Good governance is a very broadly used term for successful ways a government can create public institutions that protect people's rights. There has been a shift in good governance ideals, and as Kahn states, "The dominant 'good governance' paradigm identifies a series of capabilities that, it argues are necessary governance capabilities for a market-friendly state. These include, in particular, the capabilities to protect stable property rights, enforce the rule of law, effectively implement anti-corruption policies and achieve government accountability."
This good governance paradigm is a market-enhancing process that emerged in the 1990s. This approach involves enforcing the rule of law, creating stronger property rights, and reducing corruption. By focusing on improving these three traits, a country can improve its market efficiency. There is a theoretical cycle of market failure which explains how a lack of property rights and strong corruption, among other problems, leads to market failure:

- The cycle starts with economic stagnation, which can enhance and expose the inefficiencies of a weak government and rule of law that cannot effectively respond to the problem.
- Because a government is unaccountable or weak, small interest groups can use the government for their specific interests, resulting in rent-seeking and corruption.
- Corruption and rent-seeking from interest groups will lead to weak property rights that prevent citizens and smaller businesses from the assurance that their property is safe under national law. Also, corruption will result in welfare-reducing interventions.
- These weak property rights and welfare-reducing interventions lead to high transaction cost markets.
- High transaction cost markets lead back to economic stagnation.

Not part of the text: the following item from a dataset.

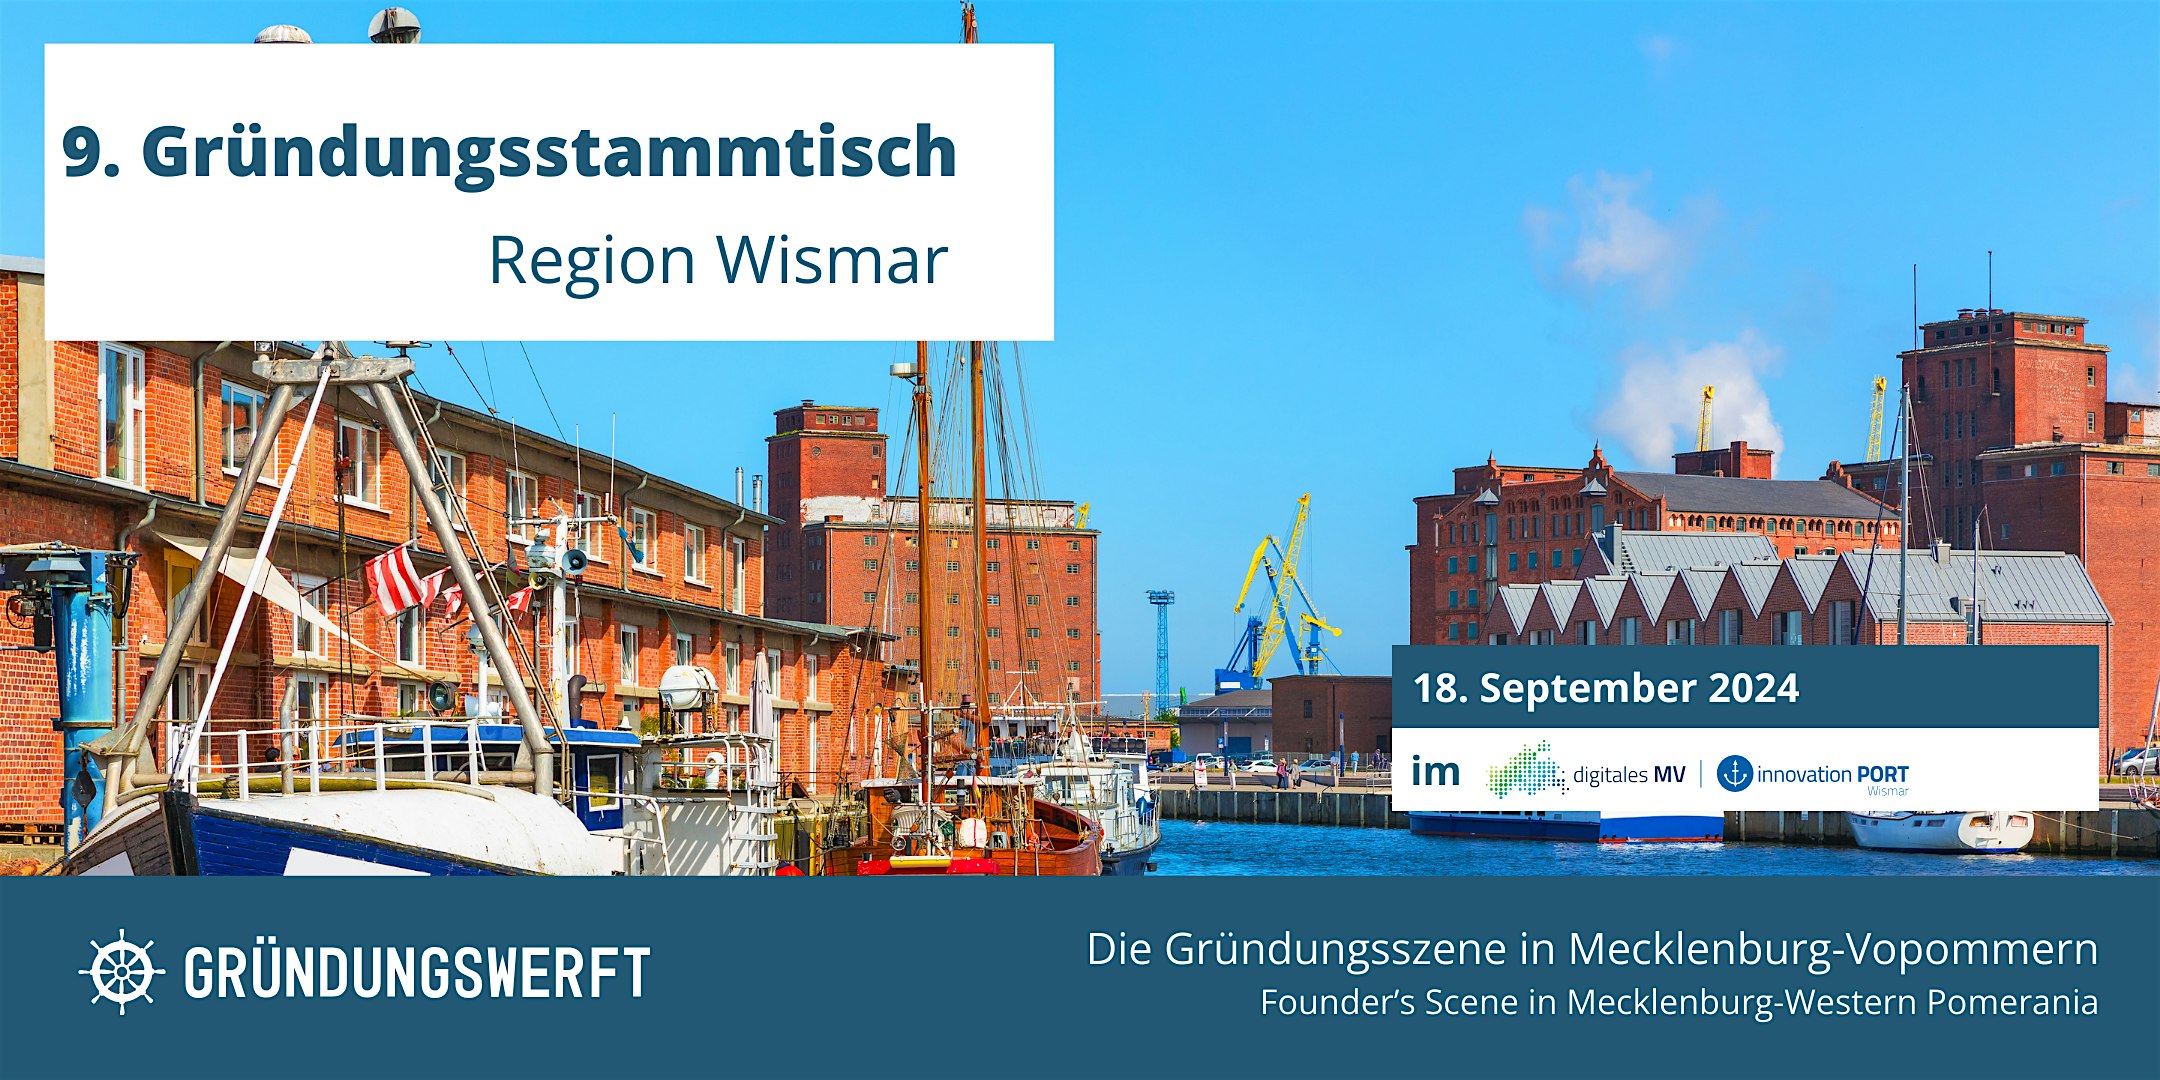 Veranstaltungsbild für die Veranstaltung 9. Gründungsstammtisch Region Wismar im Innovationport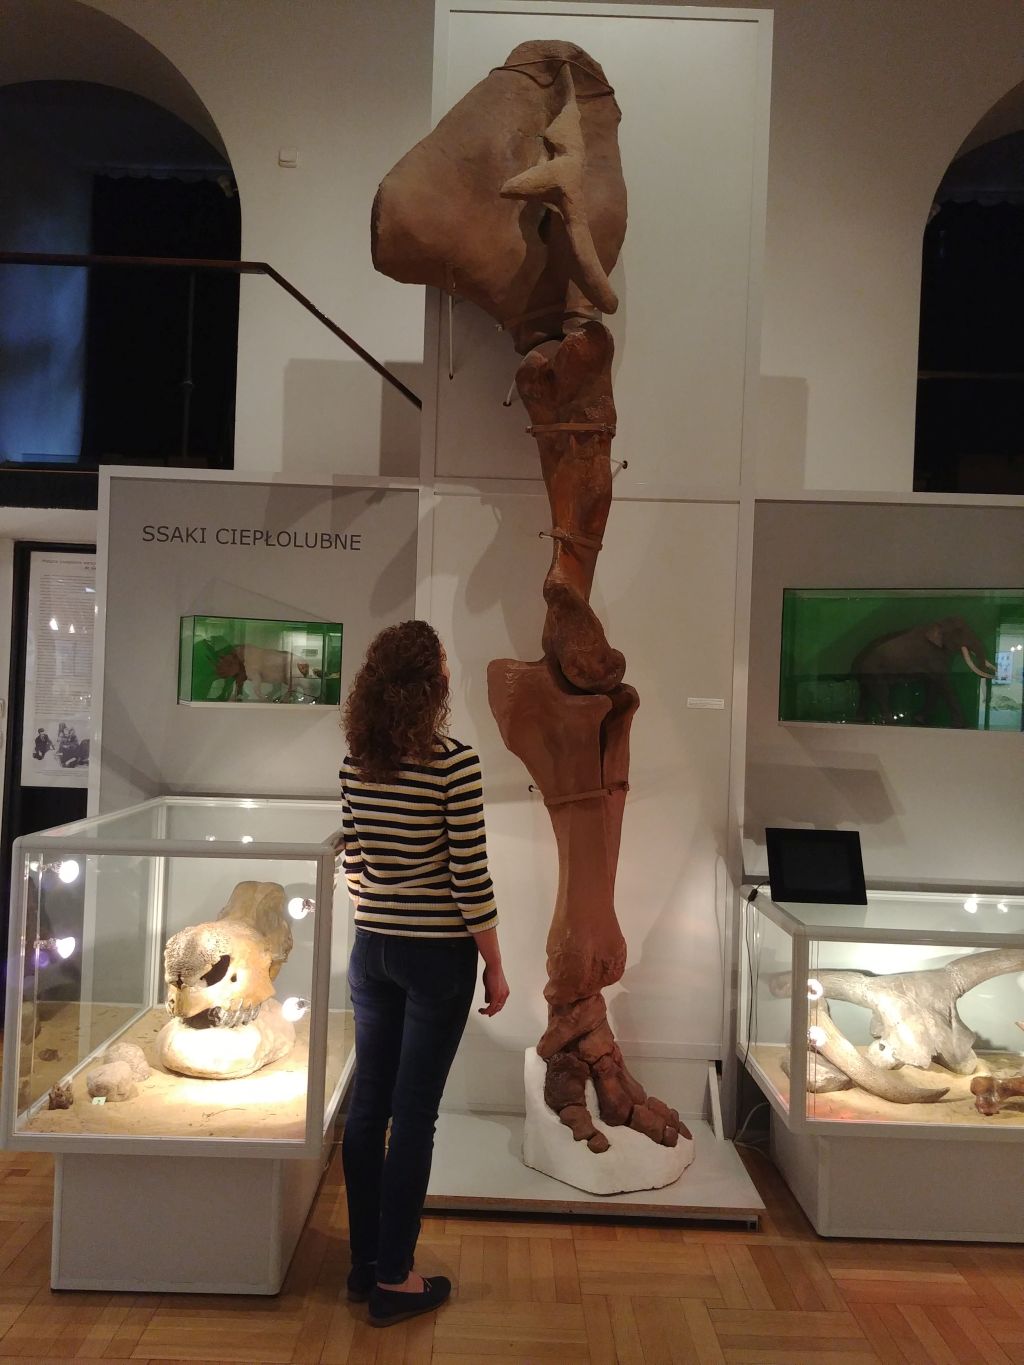 Przednia kończyna słonia leśnego eksponowana w Muzeum Ziemi; kobieta ogląda eksponat

While it is understood that improving rule of law and reducing corruption are important methods for increasing the stability and legitimacy of a government, it is not certain whether this approach is a good basis for a state-building approach. Researchers have looked at this approach by measuring property rights, regulatory quality, corruption, and voice and accountability. There was little correlation found between increasing property rights and growth rates per capita GDP. Similarly, there is disagreement among development researchers as to whether it is more beneficial to promote a comprehensive set of reforms or to promote a minimal set of necessary reforms in contexts of poor institutionalization. Proponents of the latter approach have put forward the concept of "good enough governance".

===New Public Management===

In response to the unsuccessful attempts to strengthen government administrations, developing countries began to adopt market-oriented managerial reforms under the pressure of the IMF and the World Bank. The New Public Management approach first emerged in New Zealand and the United Kingdom in the 1980s. New Public management uses market-like reforms within the public sector to provide the government with the necessary power to implement a development plan for the economy while also using competitive market-based techniques to enhance public sector production. It changed public sector employment practices from career tenure positions towards limited-term contracts for senior staff, locally determined pay, and performance-related pay. Secondly, the provision of government services shifted towards contracts, franchising, vouchers, and user charges in an effort to promote efficiency in service provision to citizens.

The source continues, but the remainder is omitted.